O limite entre realidade e ficção, a paixão pelo cinema, que se traduz em uma exclusividade absoluta a seu meio de expressão – e a alcunha que o denominou o mais cinéfilo entre os diretores brasileiros –, o estilo sofisticado e principalmente uma trajetória que começou na Boca do Lixo paulistana, aprendendo na prática com artesãos como Ody Fraga e Cláudio Portioli, para em seguida evoluir em direção a um cinema personalíssimo e inconfundível, são algumas das principais características de Guilherme de Almeida Prado, um dos mais talentosos diretores do Brasil. Foi utilizando toda essa gama de particularidades que ele conseguiu os maiores sucessos de sua carreira: A Dama do Cine Shangai; Perfume de Gardênia; A Hora Mágica e Onde Andará Dulce Veiga?, além de toda uma aura de cineasta cult apreciada e seguida por admiradores os mais diversos – os mesmos que aguardam um filme seu a cada cinco, oito ou dez anos, não porque ele queira ser assim, mas sobretudo pela dificuldade de se levar a cabo uma carreira muitas vezes prejudicada pela incompreensão e até certa impopularidade se comparada a de outros diretores.
Nascido em Ribeirão Preto, cidade, segundo ele, “onde não havia muita coisa a fazer”, e, na qual ele descobriu o cinema na juventude – “indo assistir aos filmes praticamente todas as tardes” – e onde aliás começou a fazer experimentos com o Super 8, Guilherme se formou em Engenharia pelo Mackenzie em São Paulo, a metrópole que a família acabou por adotar depois da venda da única casa que tinha em Ribeirão. Sempre soube que queria era o cinema. Começou como assistente em produções para a pornochanchada que se fazia na capital paulista nos anos 1970 e, logo depois, estreava no longa-metragem com uma produção de baixo orçamento, As Taras de Todos Nós, que se tornou enorme sucesso popular. E foi graças a ele que, aos poucos, evoluiu para um cinema mais pessoal, com Flor do Desejo, já circundando os elementos que o tornariam conhecido e que explodiriam em seu filme seguinte, A Dama do Cine Shangai, vencedor de inúmeros prêmios nacionais e internacionais.
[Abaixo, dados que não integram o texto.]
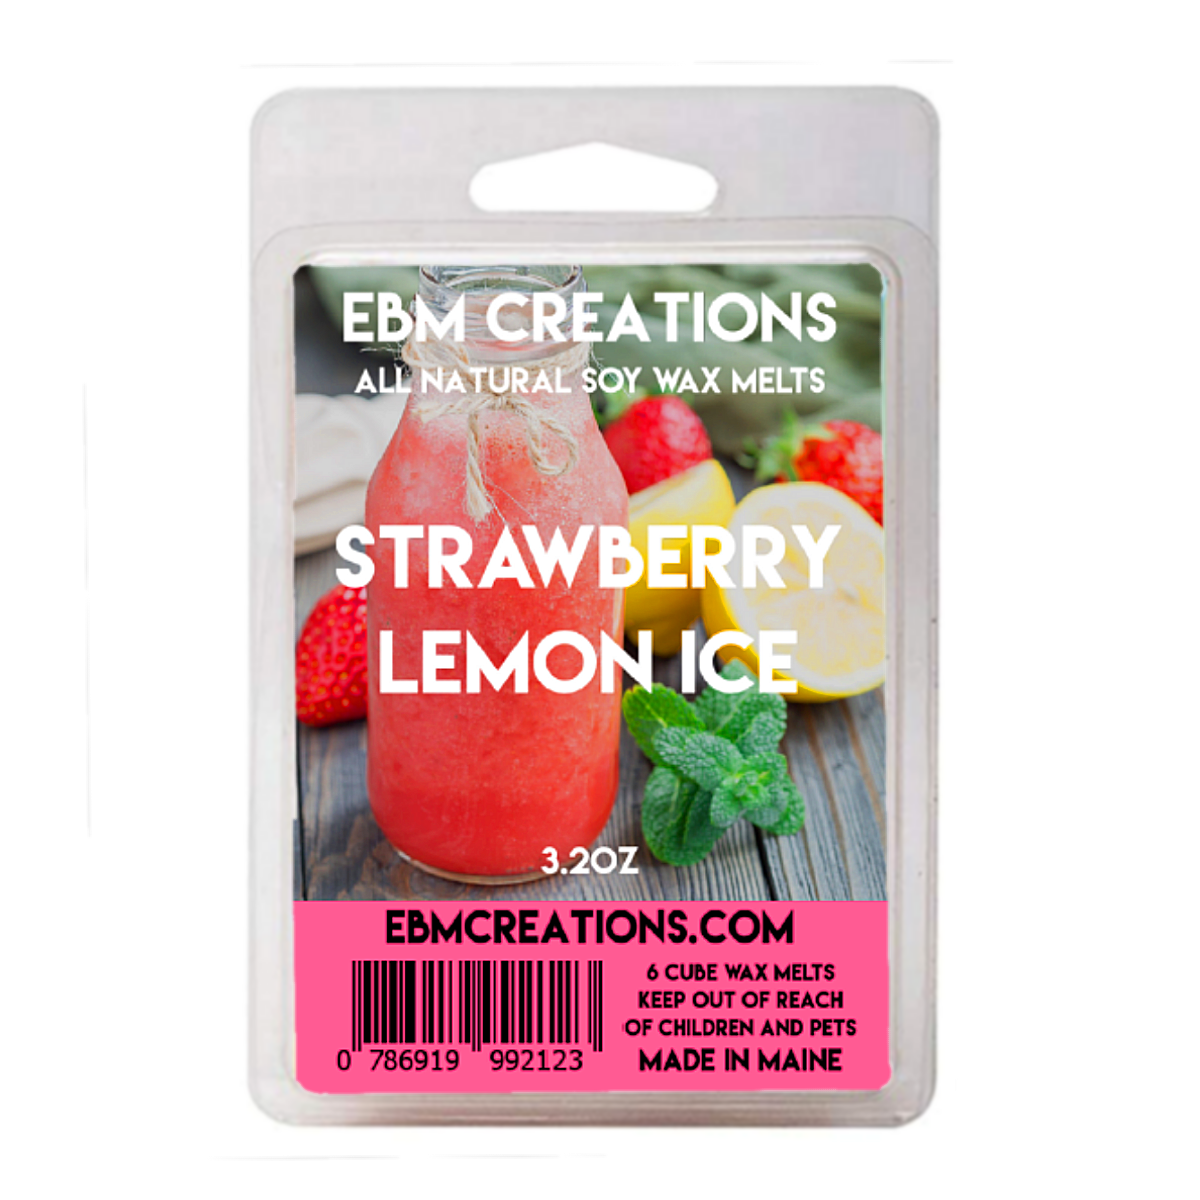 Strawberry Lemon Ice - 3.2 oz Clamshell

Foi também o único diretor de cinema no Brasil a ter um filme em produção quando da extinção da Embrafilme no início da década de 1990 – e não demorou para, com a produção seguinte, A Hora Mágica, ajudar a estabelecer a carreira tanto da produtora Sara Silveira quanto a do amigo Carlos Reichenbach, que, através do filme, puderam levantar a Dezenove Som & Imagem. Ainda nos anos 1990, Guilherme quase chegou a dirigir o projeto de Ed Wood, “mas na última hora entrou em cena o Tim Burton, e o produtor me preteriu das negociações”, uma das inúmeras e saborosas histórias que compõem sua biografia. Fez sua estreia como ator em É Quase Verdade, do amigo Emanuel Mendes, em 2014, no papel de um típico diretor de terceiro mundo e que dá um depoimento avassalador sobre o que pensa do cinema e do Brasil.
Os dois se conheceram em 1998, quando Mendes chegou a levar o roteiro de seu primeiro curta-metragem para o colega ler. Perceberam que tinham muitas coisas em comum, não apenas no estilo, nos gostos, mas sobre a própria reflexão ligada ao meio no qual escolheram trabalhar. “Foi natural a escolha do Guilherme para o É Quase Verdade“, diz A. Nakamura, produtor da Sincronia. “Muito do que ele passou (ainda passa) em relação às suas escolhas estéticas, o não trabalhar com o clichê, o nadar contra a corrente, com o que se espera de um cineasta, dito, brasileiro, o Emanuel de uma certa forma também passou, com os curtas dele. O depoimento do Guilherme no filme, afinal de contas, é um enorme desabafo sobre essa ideia de a verdade estar sempre lá fora, no exterior, sobre o que a Europa e os EUA, regiões dominantes da arte e da cultura em geral, impõem ao restante do mundo.” Uma ideia, aliás, a qual só deixa entrever ainda mais o estilo pessoal, apaixonante e inventivo de Guilherme.